# [EXERCISE AIM]
Reproduce the data below exactly as written. Pictures do not belong in the copy.

# [SOURCE MATERIAL]
++++++++++++++++++++

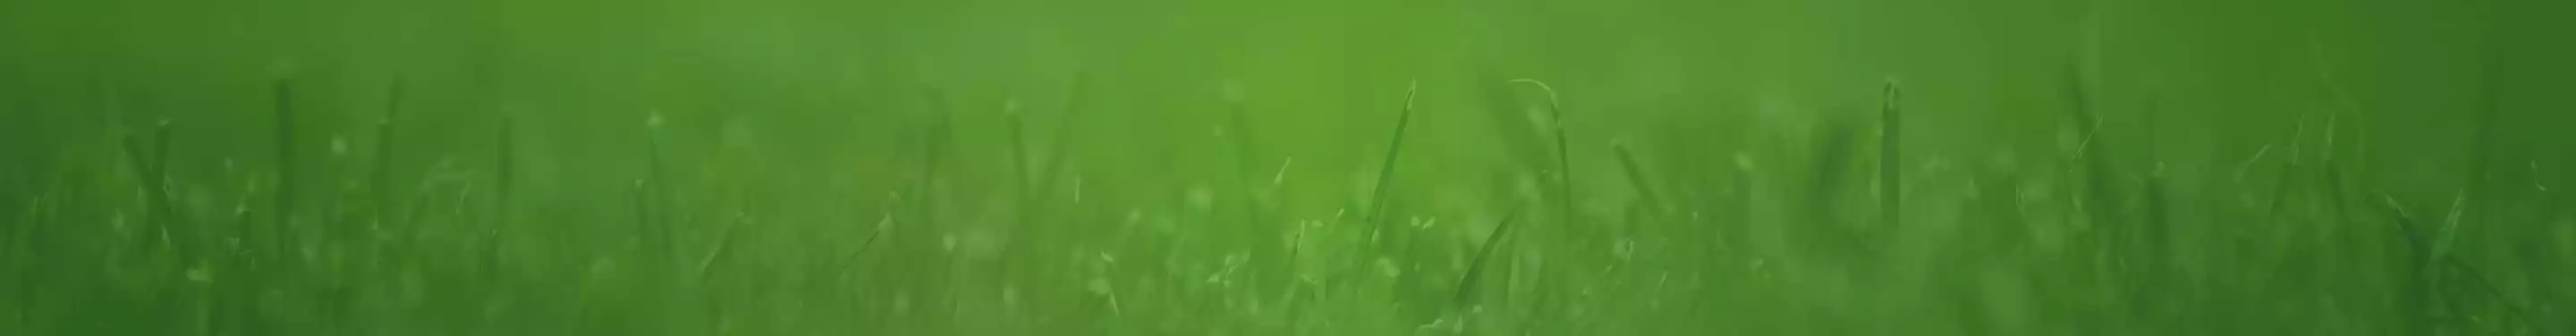 Close-up of grass against green background.
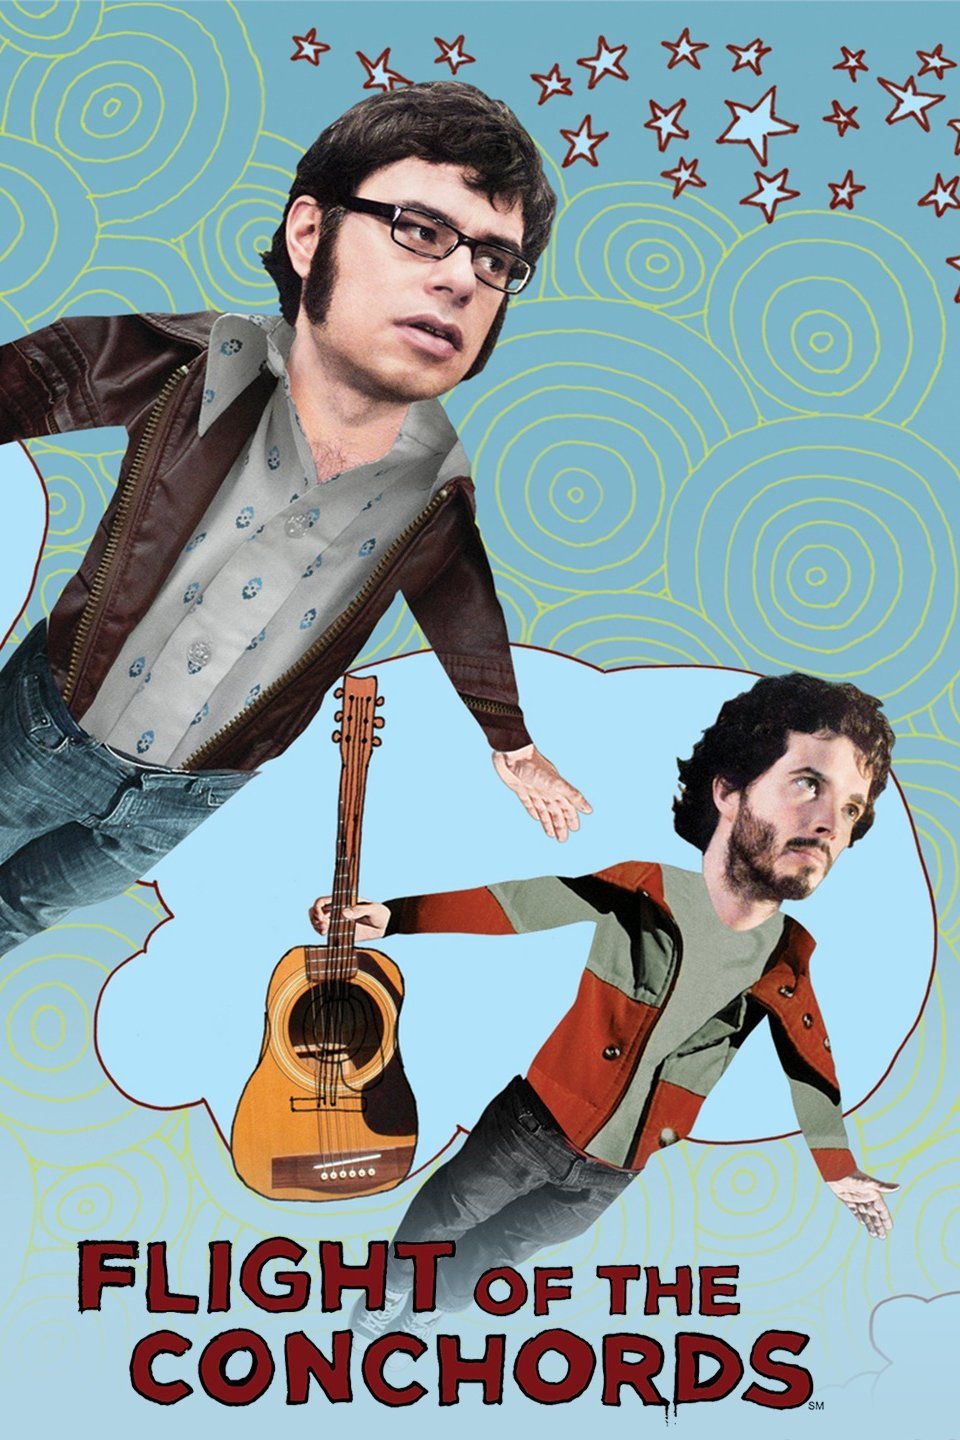 Flight of the Conchords Pictures and Photo Gallery -- Check out just releas...
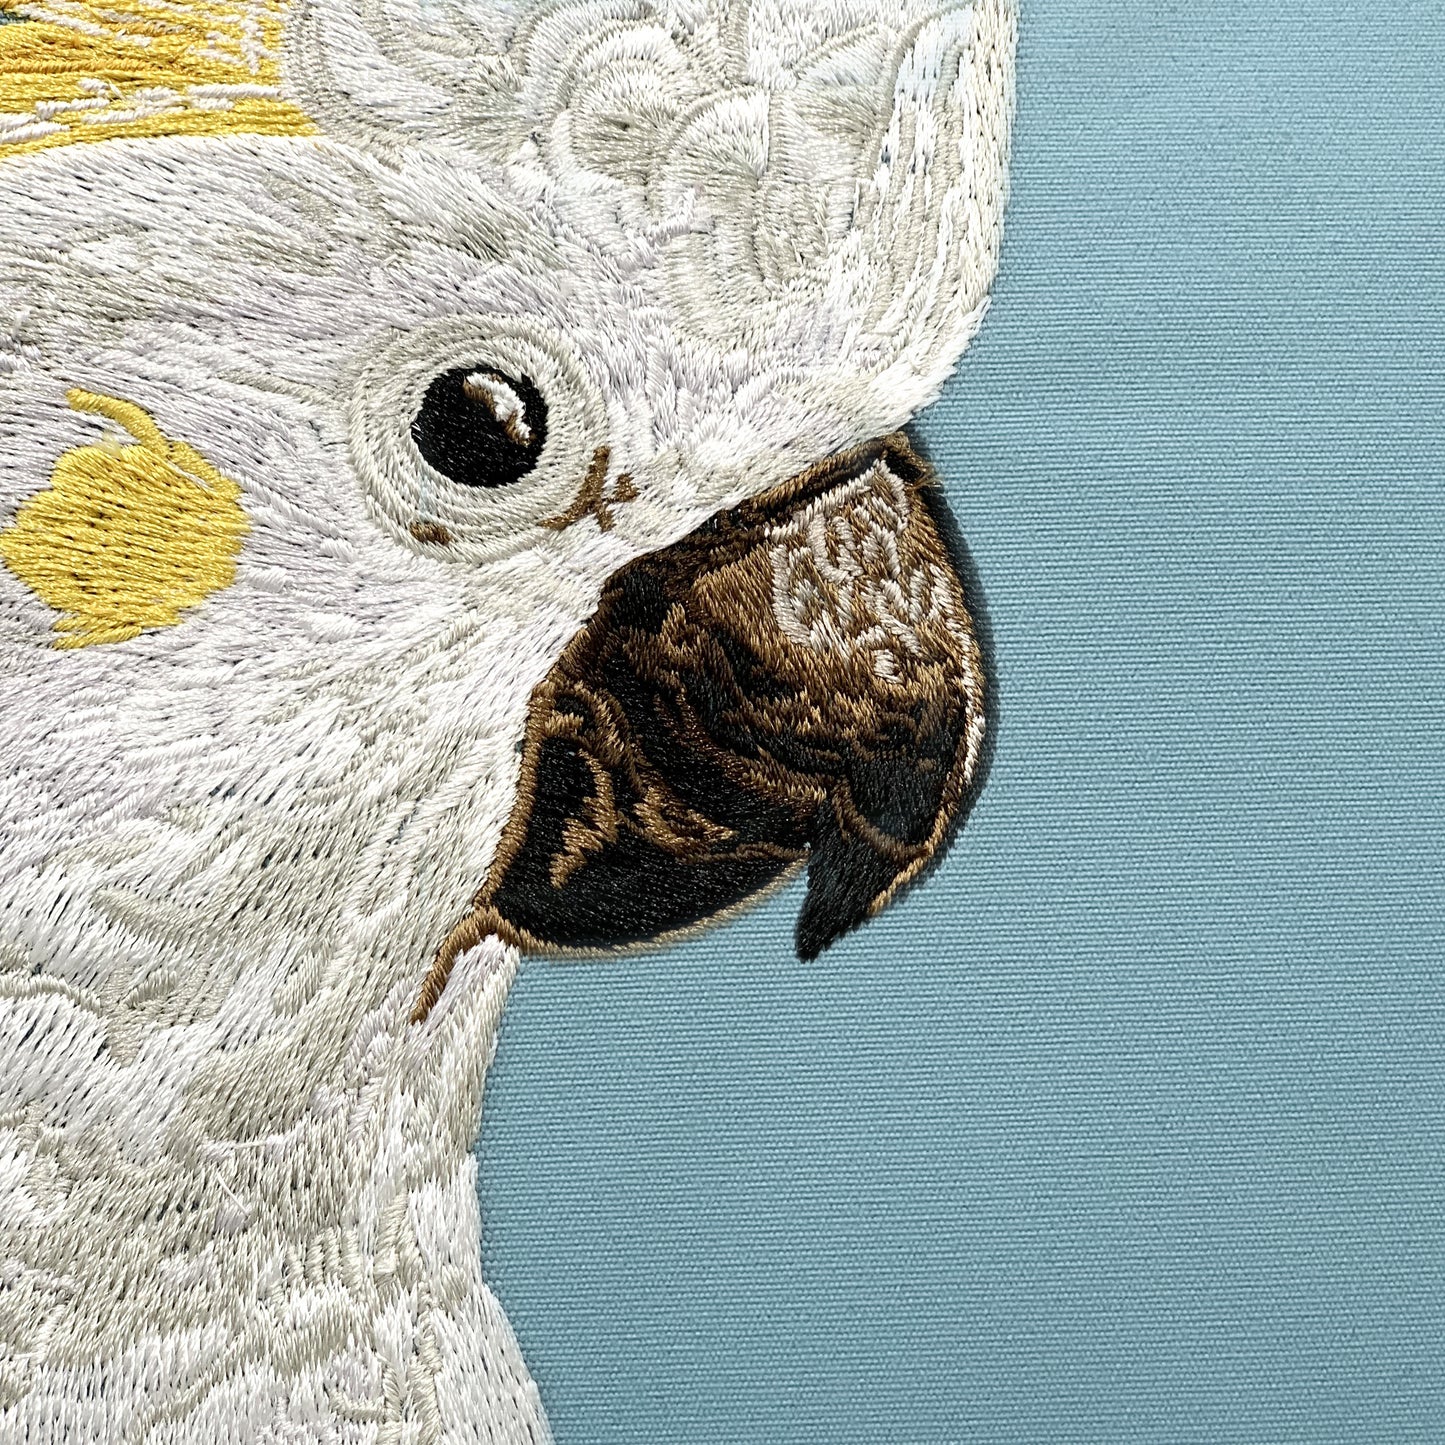 Detail shot of the Cockatoo and Leaves Indoor Outdoor Pillow embroidery.

++++++++++++++++++++

# [ANSWER TO THIS TASK]
 Close-up of grass against green background.
 Flight of the Conchords Pictures and Photo Gallery -- Check out just releas...
 Detail shot of the Cockatoo and Leaves Indoor Outdoor Pillow embroidery.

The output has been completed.